De la doctrina de la participación en el orden del ser también se derivan, además de la tesis tomista de la distinción real entre la esencia y el ser: la confirmación de la estructuración actopotencial del ente; la consideración de la finitud, no como un mal metafísico, sino como el modo de participar del bien; la contingencia de los entes participados; y también el carácter dependiente de las criaturas.

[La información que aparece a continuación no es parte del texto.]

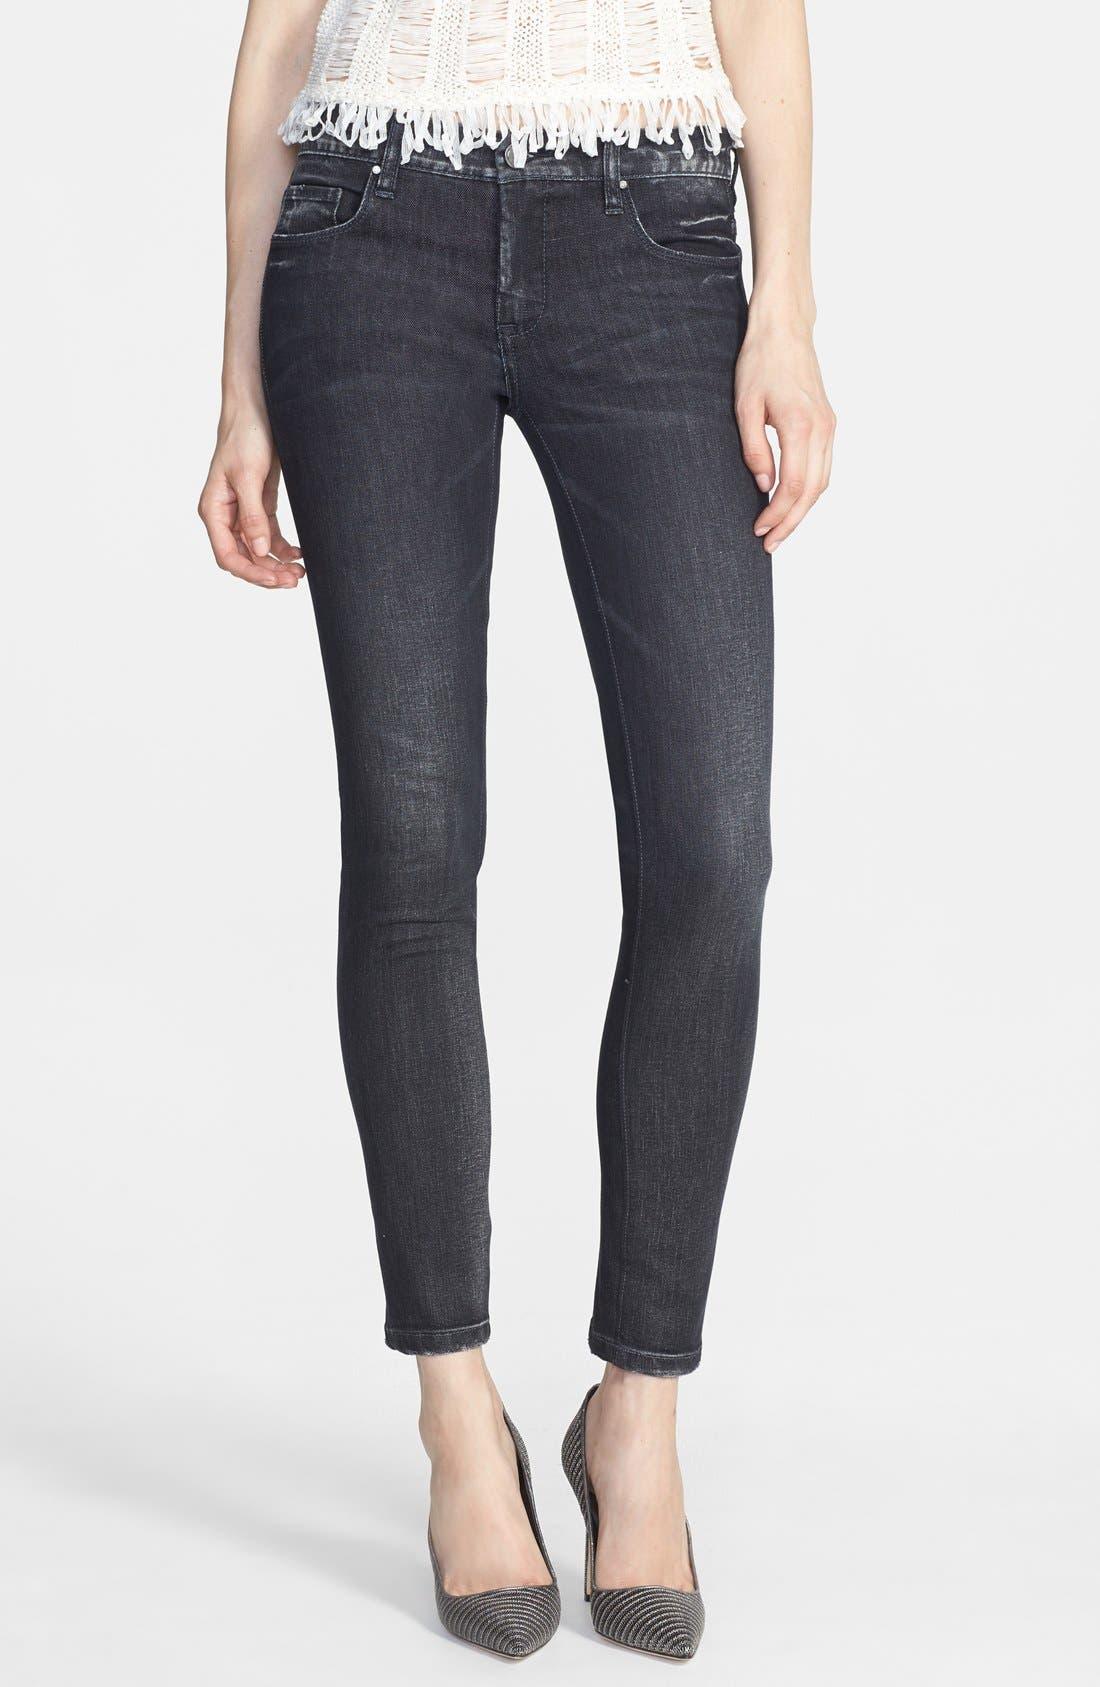 Alternate Image 1 Selected - BLANKNYC Skinny Jeans (Grey Area Anatomy)

La creación, considerada desde las criaturas, no es más que «la misma dependencia del ser creado respecto del principio que la origina» (Summa Contra Gentes, II, c. 18). Lo que revela que la entidad participada implica su dependencia de la causa que le da el ser. La creación proporciona la verdadera entidad y situación de la criatura. Lo esencial de la noción de creación es la necesaria dependencia total a la causa que da el ser. Esta es la situación de toda criatura con repecto a Dios.

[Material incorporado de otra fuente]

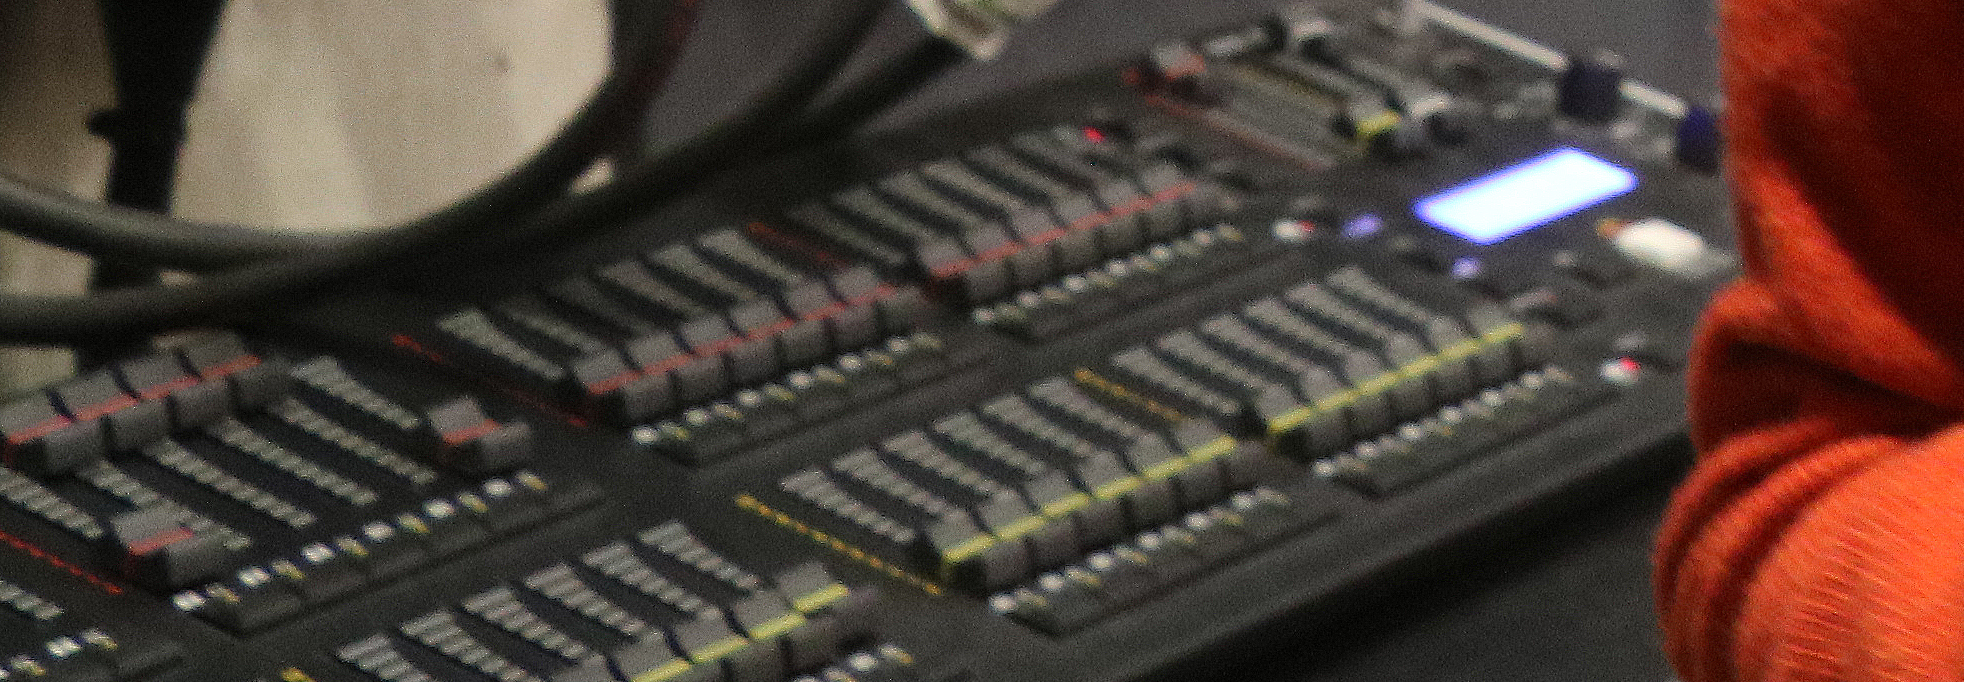 Introduction To Digital Sound Design (Weekend)

El ser, el constitutivo entitativo intrínseco y fundamental, origen de todas las perfecciones y de la misma existencia, no es algo que pertenezca propiamente a ningún ente. Todos los entes necesitaron de la acción de Dios para comenzar a ser y a existir, siguen necesitándola de modo ininterrumpido para continuar siendo.

El desconocimiento o la falta de reflexión sobre esta verdad metafísica, puede llevar a una posición érronea y muy peligrosa, el concebir el mundo o las criaturas en relación con Dios como un ente comparado con otro mayor. De tal manera que por grande que fuera la distancia entre ambos, siempre la criatura podría sumar su perfección a la de Dios.

La criatura, tal como la concibe Santo Tomás, por el contrario, no es reductible a un mismo género con el Creador. Nunca puede sumarse con Él. Todo el ser de la criatura depende de Dios. Su relación con el «Ipsum Esse Subsistens», con la Perfección incircunscrita, ilimitada, que encierra en sí toda perfección, que no puede ganar ni perder perfección alguna, es la de receptor de todas sus perfecciones.

Las criaturas y Dios no se pueden situar, pues, en un mismo plano, ni aún manteniendo una separación infinita. Hay que pensar siempre que están en níveles distintos, que, a su vez, entre sí guardan una distancia infinita. De ahí que el lenguaje humano sobre Dios, cuyo contenido significativo siempre se inicia en el plano de lo creado, tiene que ser analógico.

La total dependencia de la criatura está implicada en la misma idea de creación. También conlleva que la causalidad de Dios lo abarca todo, es abolutamente universal.

«Todo lo que puede tener razón de ser está contenido entre los posibles absolutos, con relación a los cuales se dice que Dios es omnipotente. Pero nada se opone a la razón de ser más que el no-ser. Luego lo único que repugna a la razón de absolutamente posible, que está sometido a la omnipotencia divina, es lo que en sí mismo y simúltáneamente entraña el ser y el no-ser, pues lo que no está sujeto a la omnipotencia, y no por insuficiencia del poder divino, sino porque no puede tener razón de factible, ni siquiera de posible (...) por lo cual más exactamente es decir que no puede ser hecho que no decir que Dios no puede hacerlo» (STh I, 25, 3 in c.), porque la causalidad de Dios es universal y omnímoda.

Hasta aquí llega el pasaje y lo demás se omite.